China possesses the world's fourth-largest area of wetland, larger
than the whole territory of Britain, with the number of wetland
plant, animal and fish species estimated at 5,000, 3,200 and 770,
respectively.
The northeastern province of Heilongjiang, which possesses one
sixth of the country's natural wetland, has ceased wetland
reclamation and excavation. Provinces along the Yangtze River, the
Yellow River and coastal cities have taken similar measures.
Some of China's natural wetlands are of a unique type, and contain
various kinds of life forms, which have a massive impact on weather
changes and the maintenance of underground water.
China once held that "natural wetland is waste land", and listed it
as reserved resources for agricultural purposes. Half of the whole
country's mudflats and one tenth of the country's lakes have
disappeared owing to decades of reclamation.
Scientists say that the floods, droughts, red tides and sand storms
which have afflicted north China frequently in recent years, are
closely related to the shrinking of natural wetlands. Related
ecological damage has caused economic losses equal to four to eight
percent of the country's gross national product, according to
statistics.
The Chinese government has started to implement the "Action Plan
for Protecting China's Wetland" for the next two decades, and set
up 39 key projects. The Ministry of
Agriculture has decided that natural wetland will be removed
from the list of reserved arable land resources.

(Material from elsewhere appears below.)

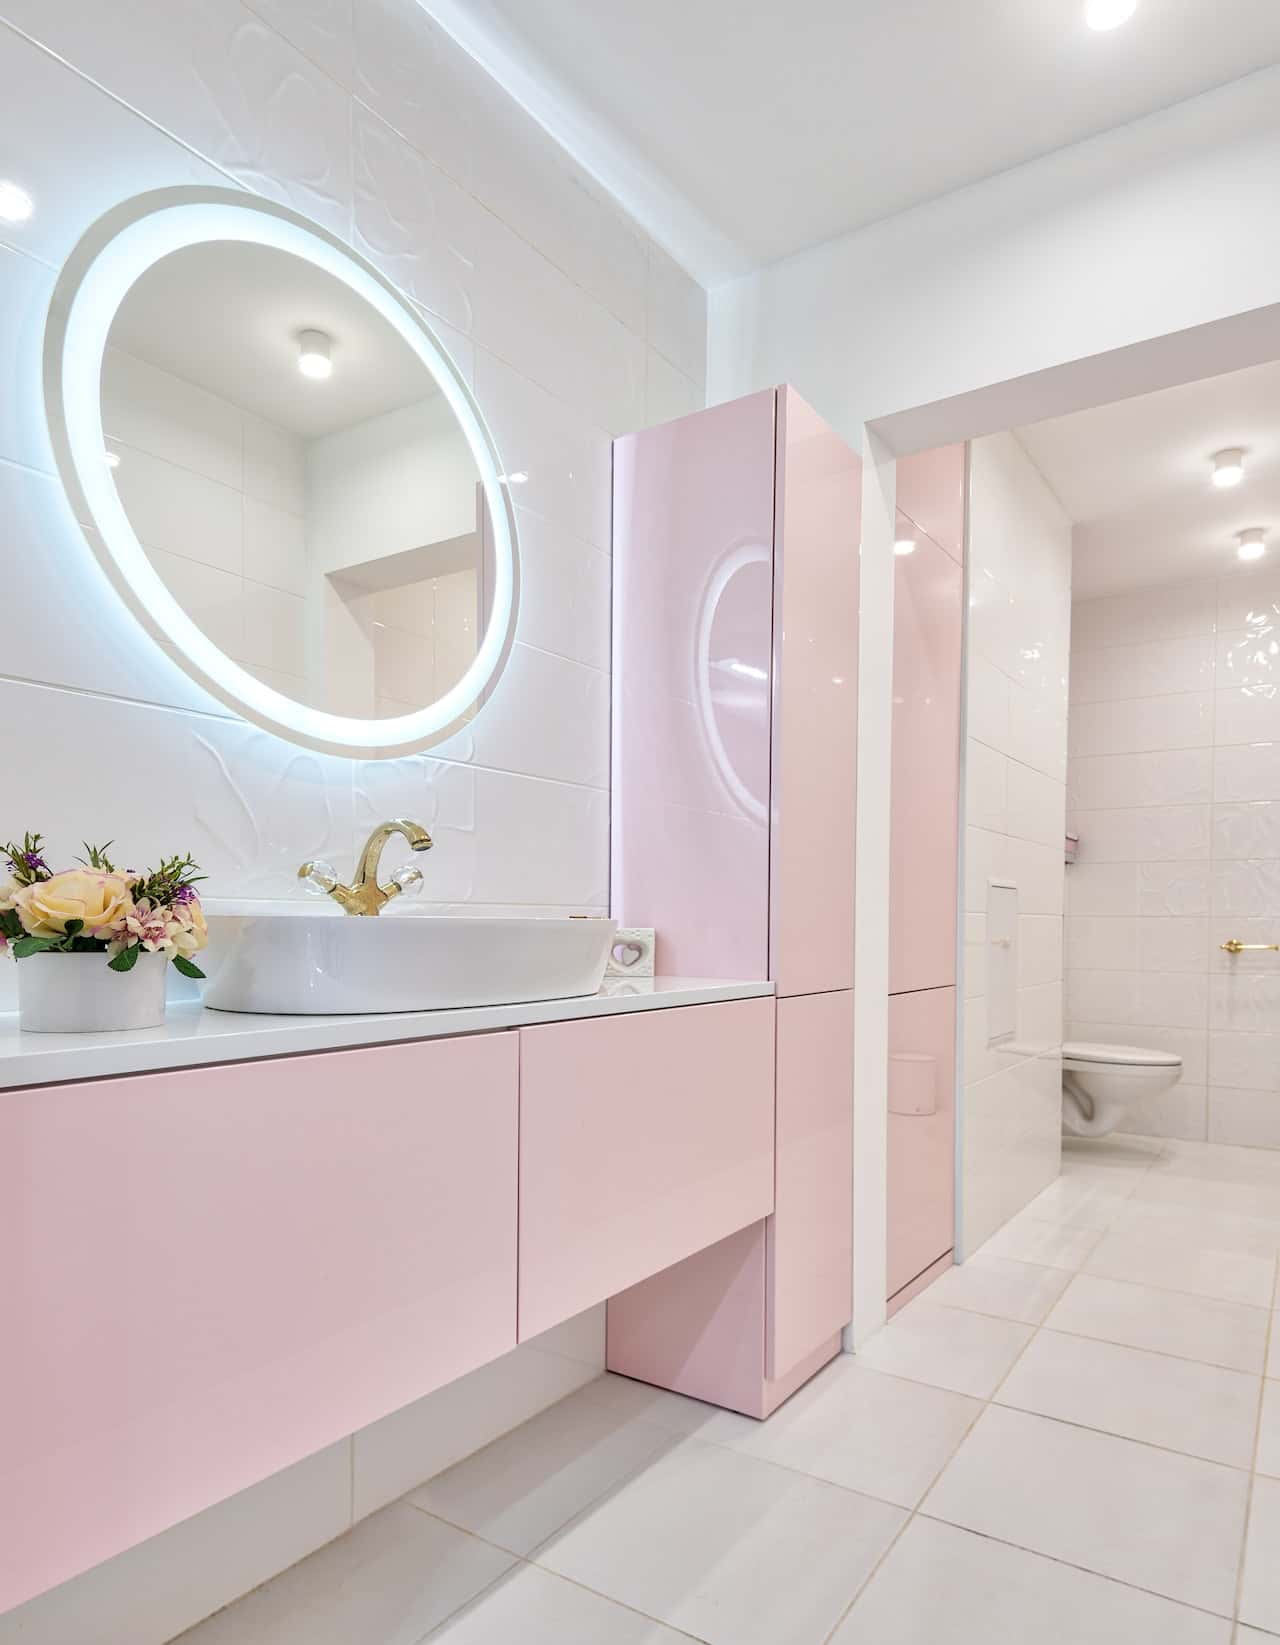 luxe bathroom barbiecore design - Hier leest u hoe u een prachtige Barbiecore-droomkamer kunt ontwerpen
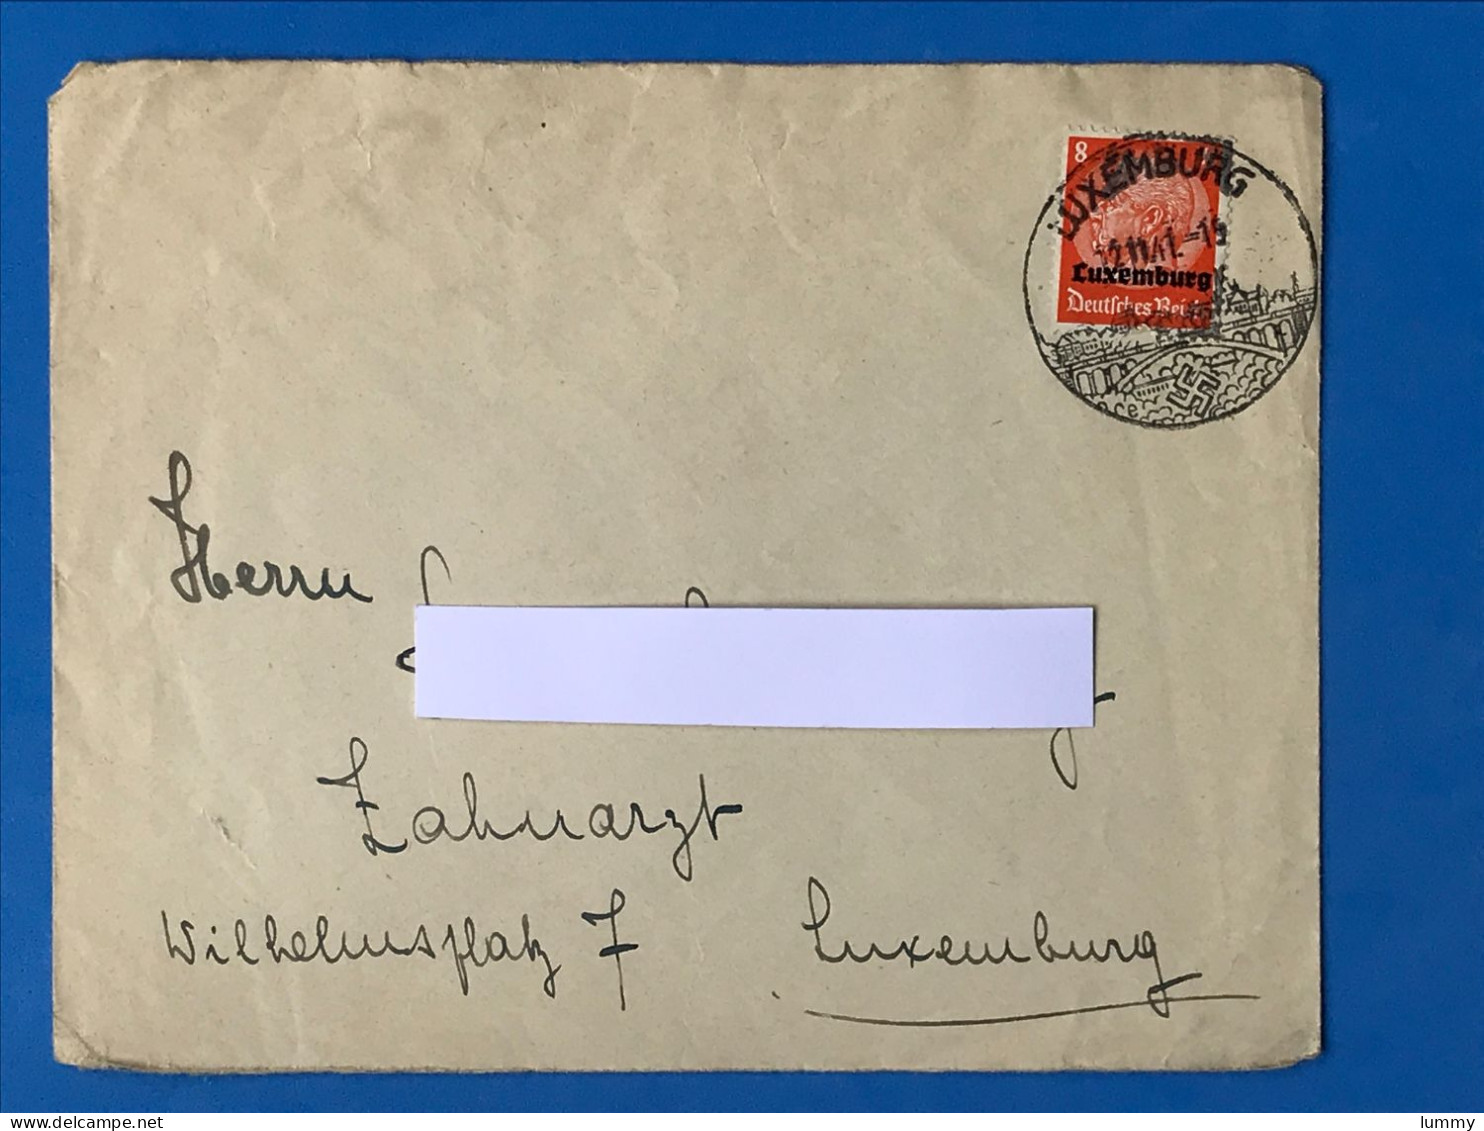 Luxembourg - Enveloppe - Deutsches Reich - 12.11.41 -  Luxemburg Wk2 Ww2 Besatzung Militaria - 1940-1944 Duitse Bezetting

According to the action plan, China will work out a legal system
for wetland protection, and set up an advanced monitoring network
for the wetland ecological system. A wetland protection regulation
has been worked out in Heilongjiang, first of its kind in China's
local governments, and will soon be submitted to the provincial
legislature for approval.
Research shows that the number of birds migrating via China and
sojourning in its wetlands has increased over the past five
consecutive years, and their period of stay has grown longer.
Certain unique wetland animal, plant or fish species, such as
golden monkey, dawn redwood and Chinese alligator, have also
received scientific protection.
Meanwhile, the country will strengthen technological cooperation
with relevant international organizations.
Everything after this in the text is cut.